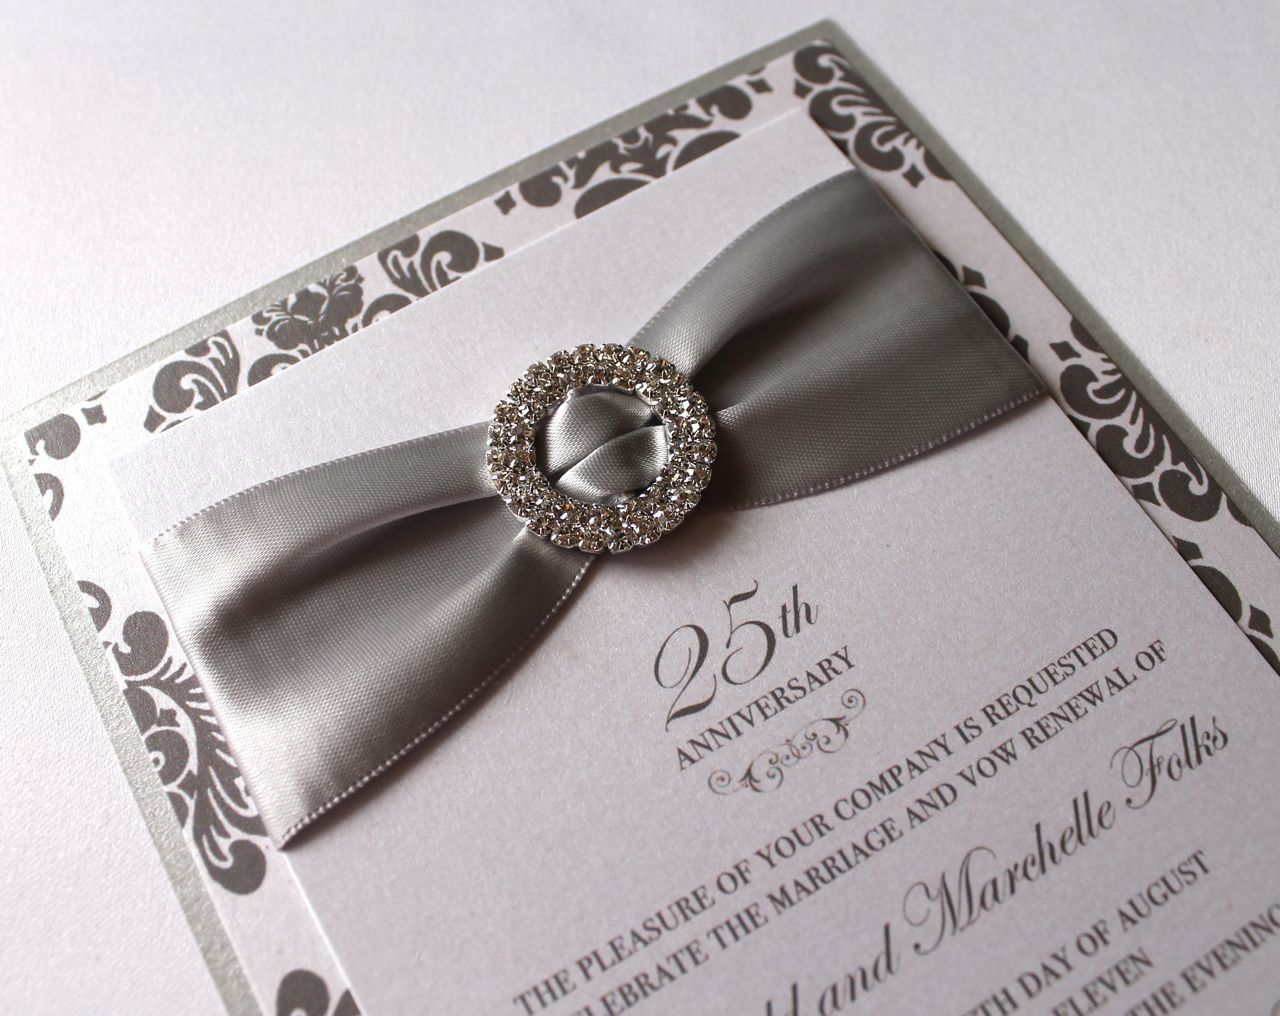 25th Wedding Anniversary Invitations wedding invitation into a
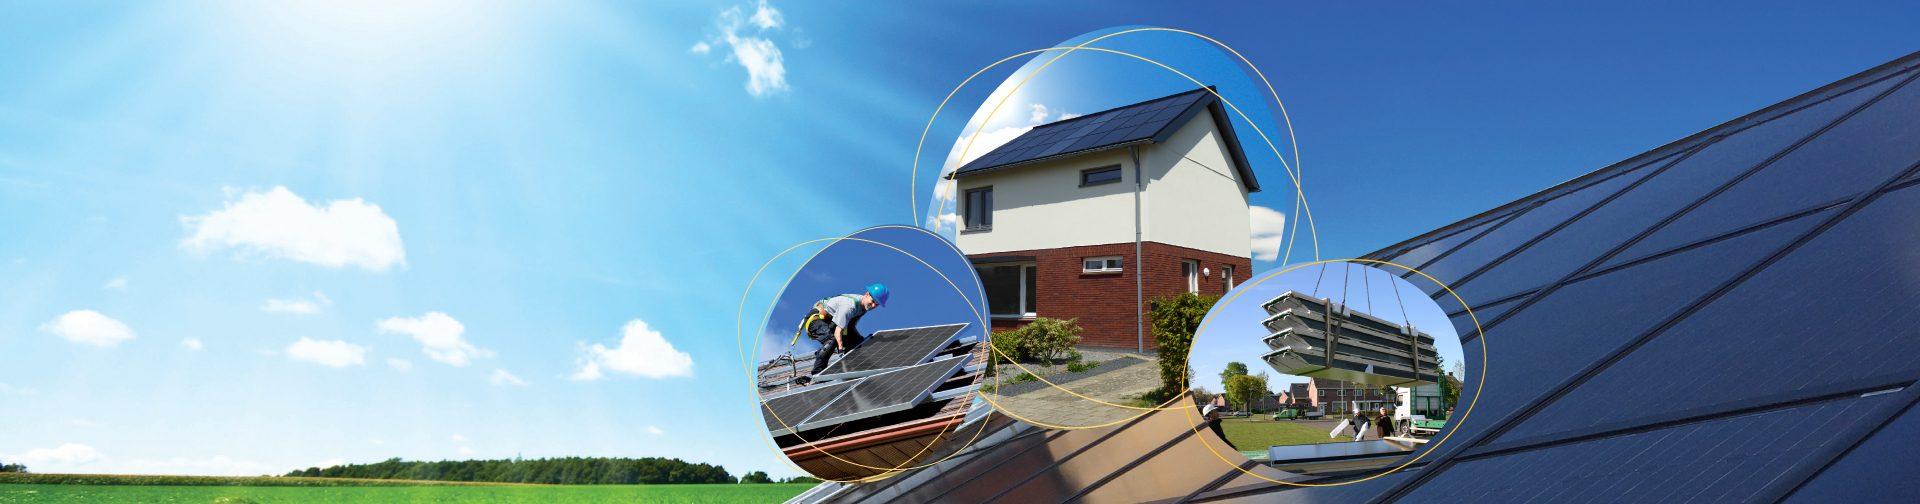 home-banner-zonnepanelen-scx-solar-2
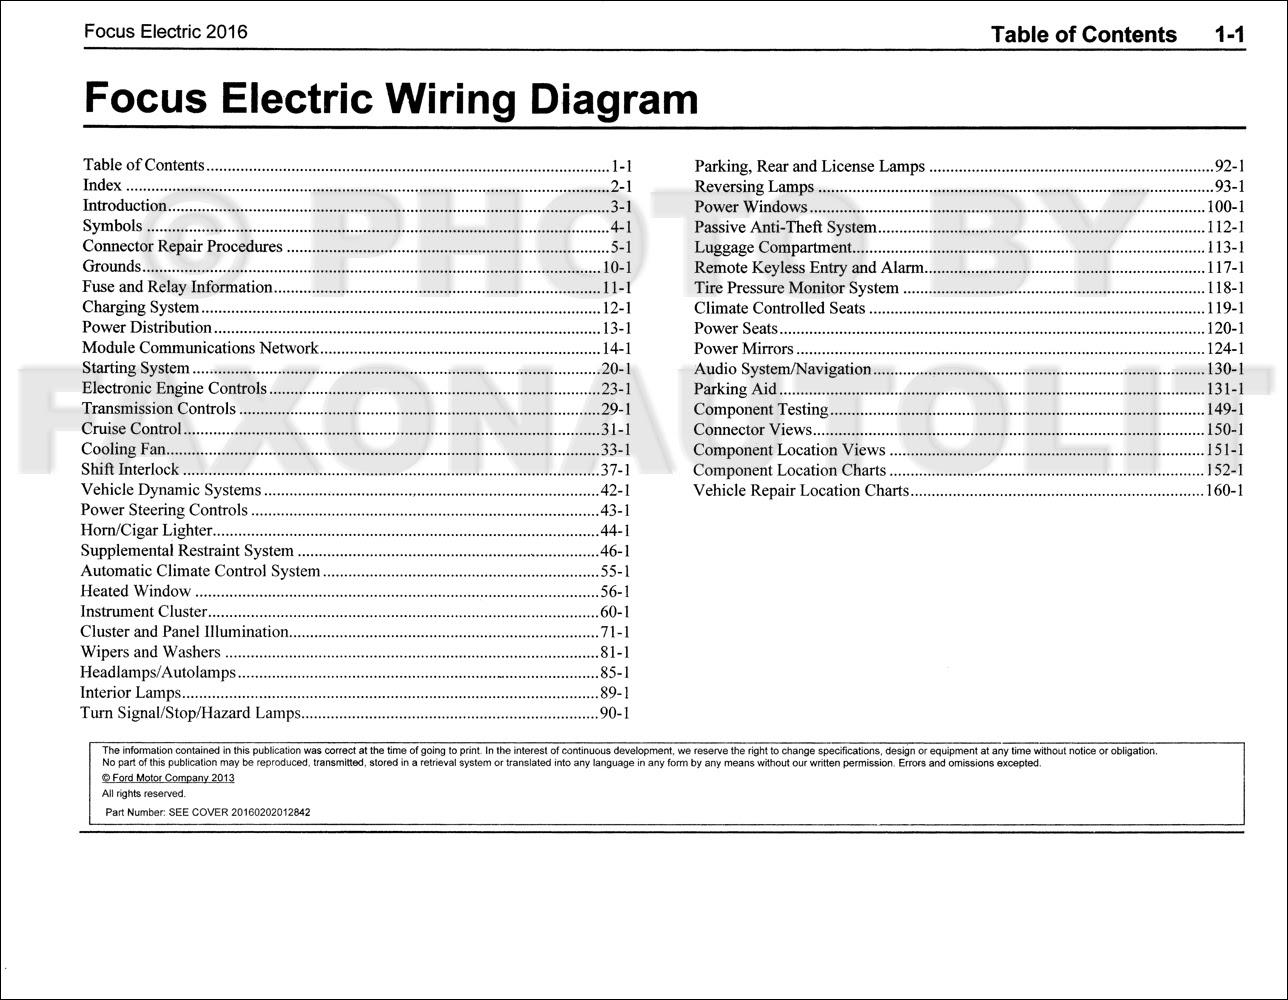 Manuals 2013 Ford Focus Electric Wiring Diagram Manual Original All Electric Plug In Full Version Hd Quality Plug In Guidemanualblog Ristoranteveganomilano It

WHAT IS NEEDED
Repeat the listing exactly, minus its pictures.

WRITTEN REPLY
 25th Wedding Anniversary Invitations wedding invitation into a
 home-banner-zonnepanelen-scx-solar-2
 Manuals 2013 Ford Focus Electric Wiring Diagram Manual Original All Electric Plug In Full Version Hd Quality Plug In Guidemanualblog Ristoranteveganomilano It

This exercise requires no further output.